GOAL OF THE EXERCISE |
Return the data below unaltered, but strip out the pictures.

DATASET EXCERPT |
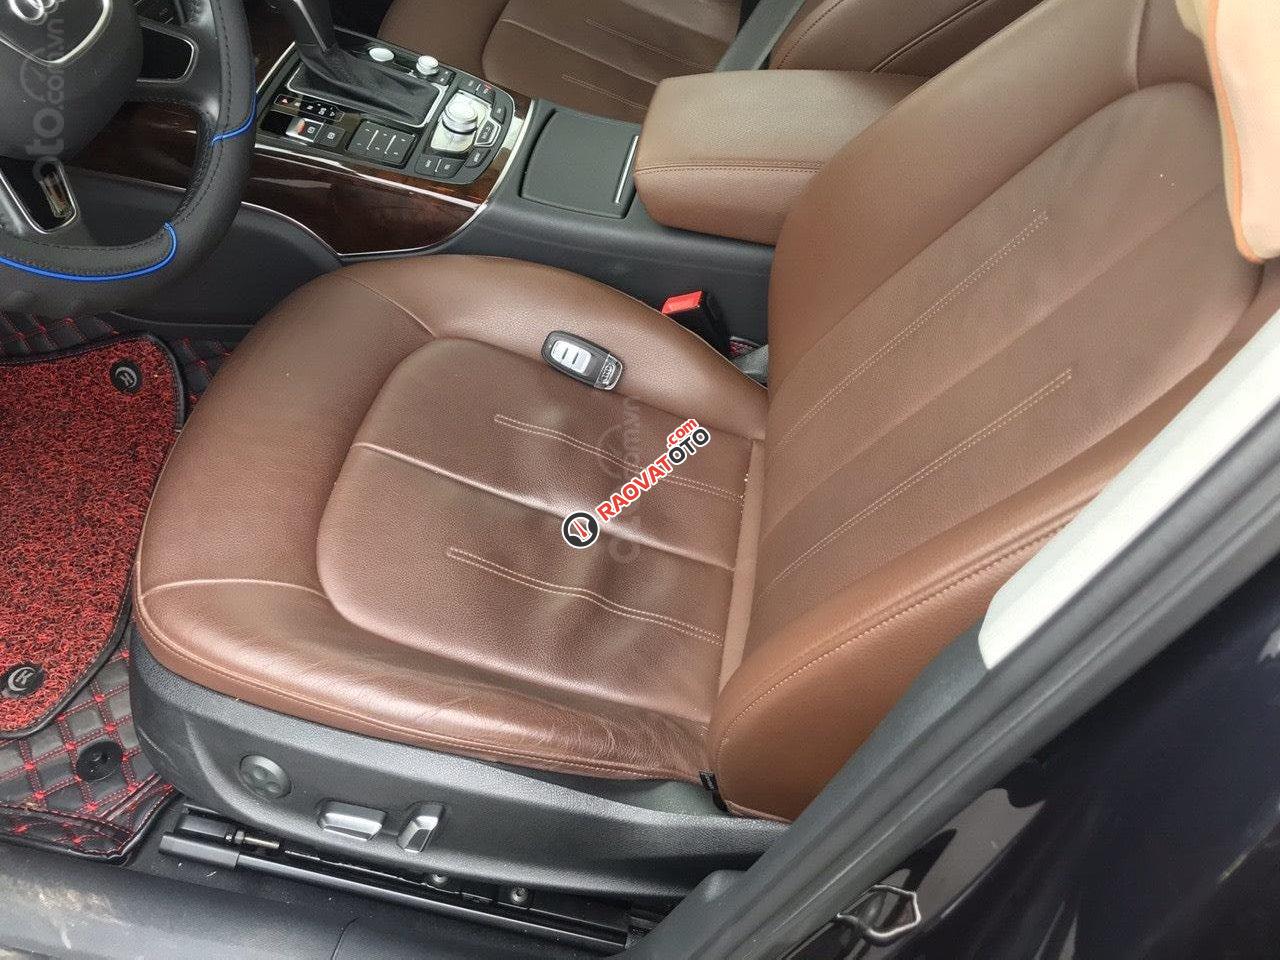 Bán Audi A6 2015 mẫu mới nhất, xe đẹp zin 100% không lỗi bao kiểm tra đâm đụng và ngập nước tại hãng-2
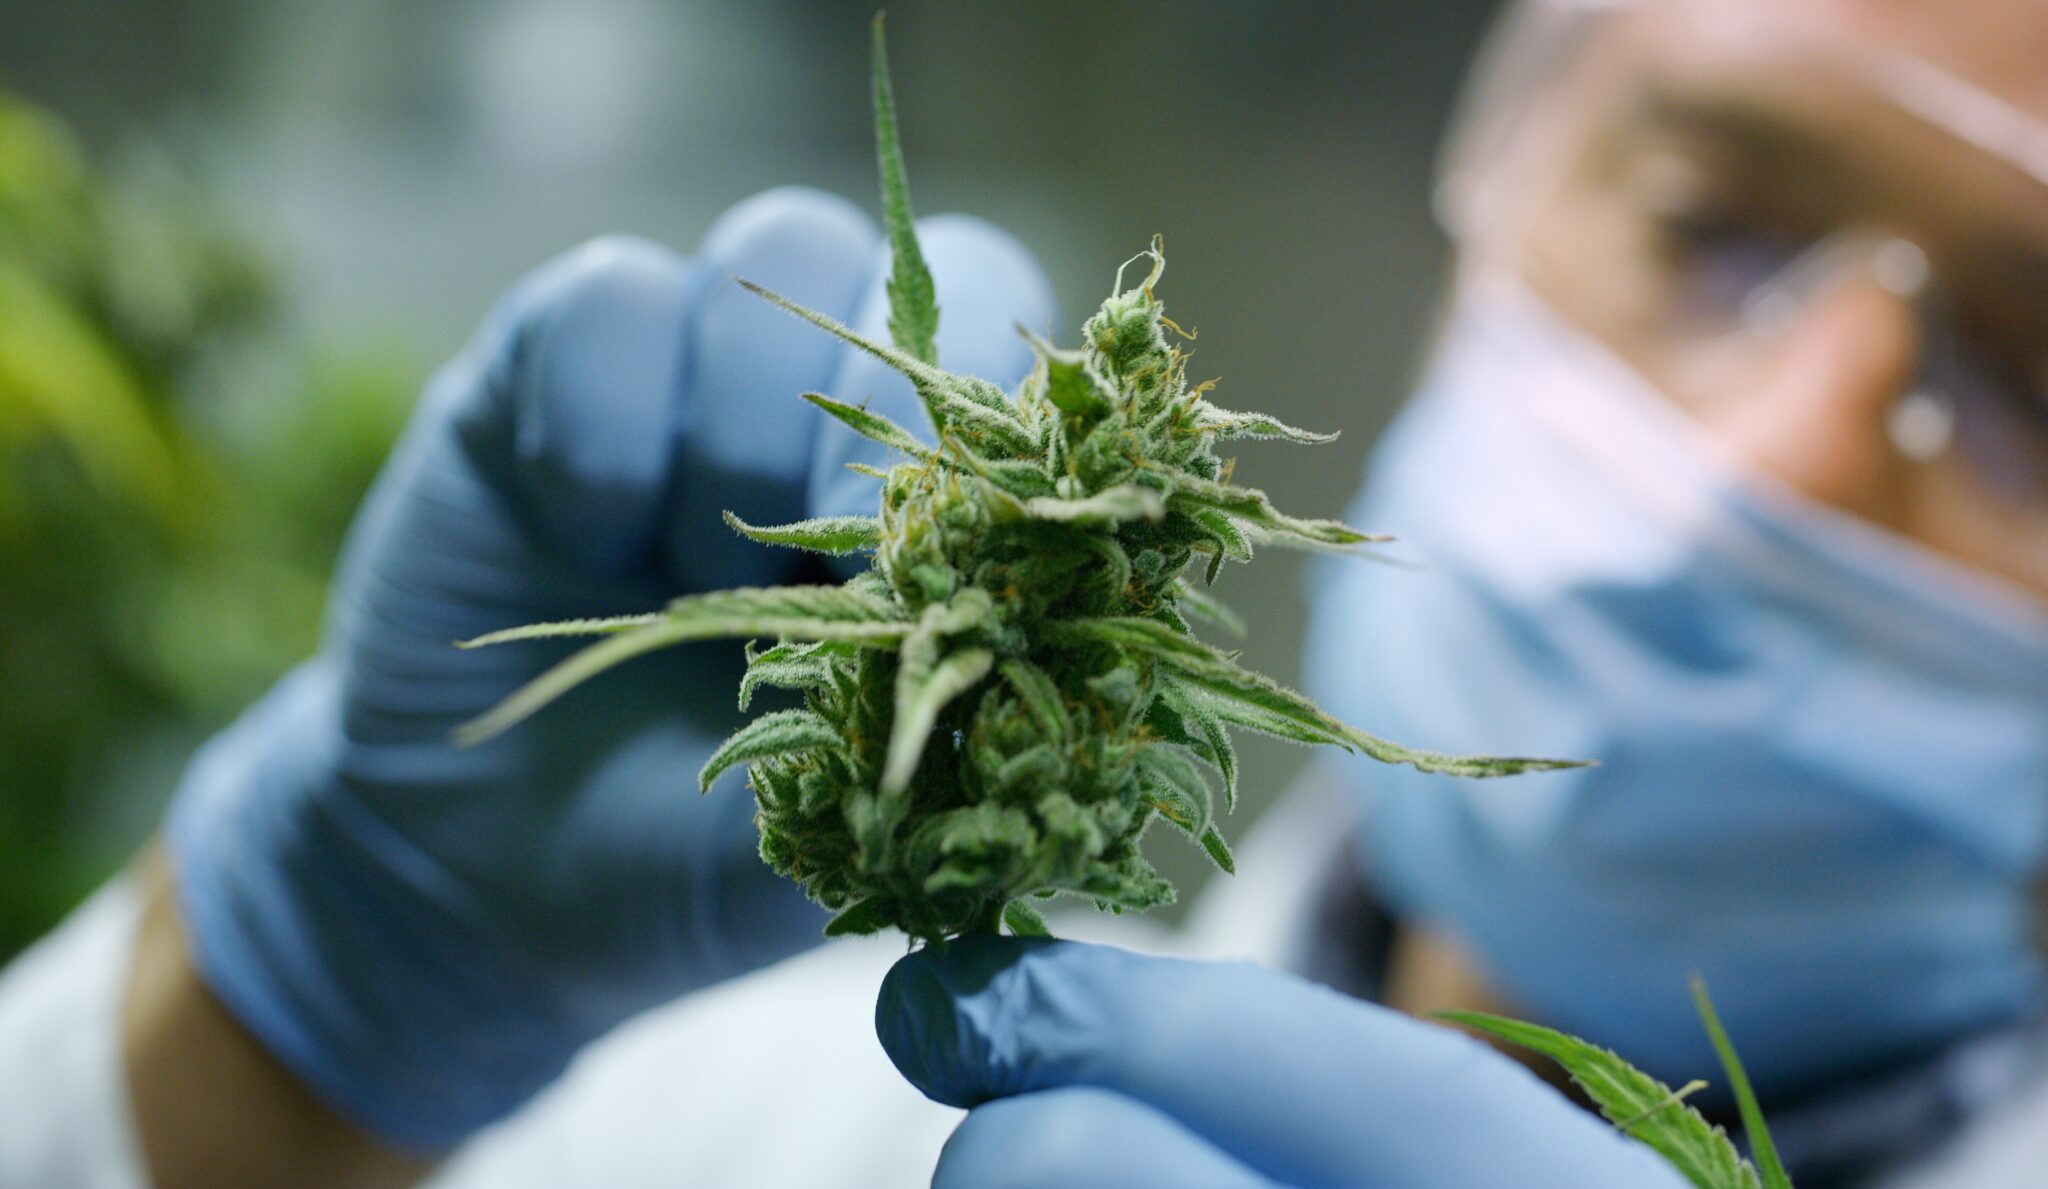 Health Meds aproveita Agosto Laranja para conscientizar sobre efeitos positivos da Cannabis na esclerose múltipla
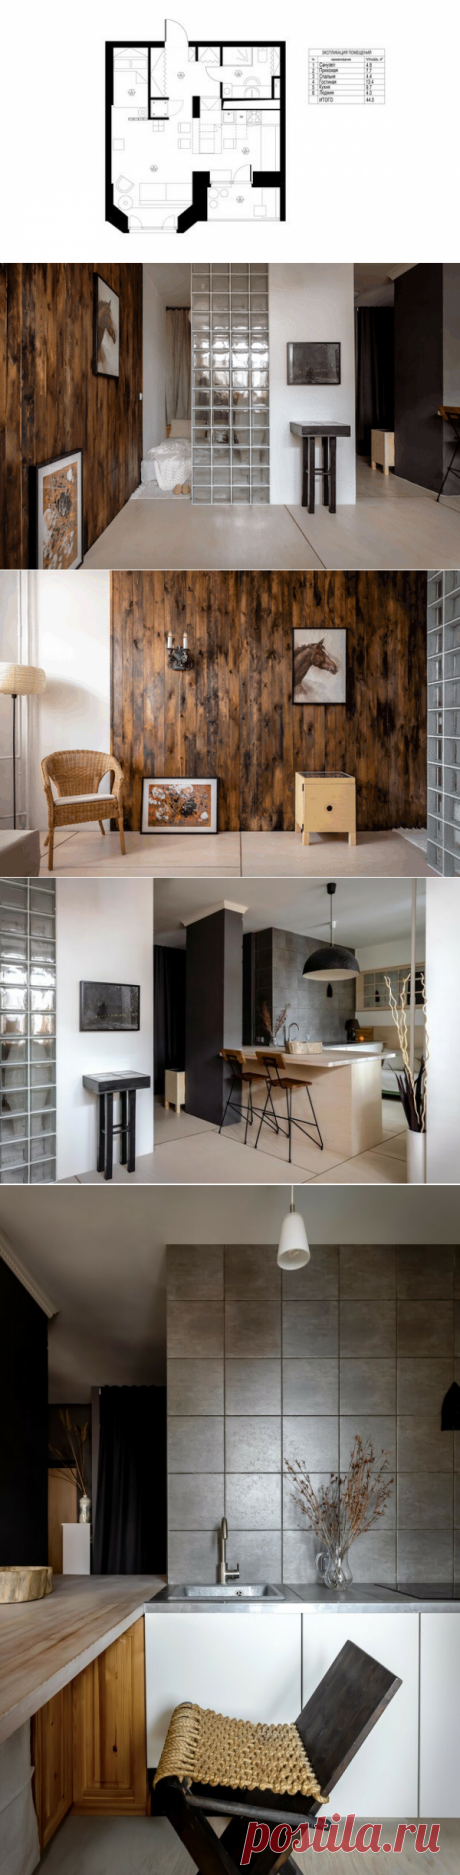 Маленькая квартира-студия в стиле эколофт: уютный интерьер для мамы | ELLE Decoration | Яндекс Дзен

YOUR SOLUTION |
 Bán Audi A6 2015 mẫu mới nhất, xe đẹp zin 100% không lỗi bao kiểm tra đâm đụng và ngập nước tại hãng-2
 Health Meds aproveita Agosto Laranja para conscientizar sobre efeitos positivos da Cannabis na esclerose múltipla
 Маленькая квартира-студия в стиле эколофт: уютный интерьер для мамы | ELLE Decoration | Яндекс Дзен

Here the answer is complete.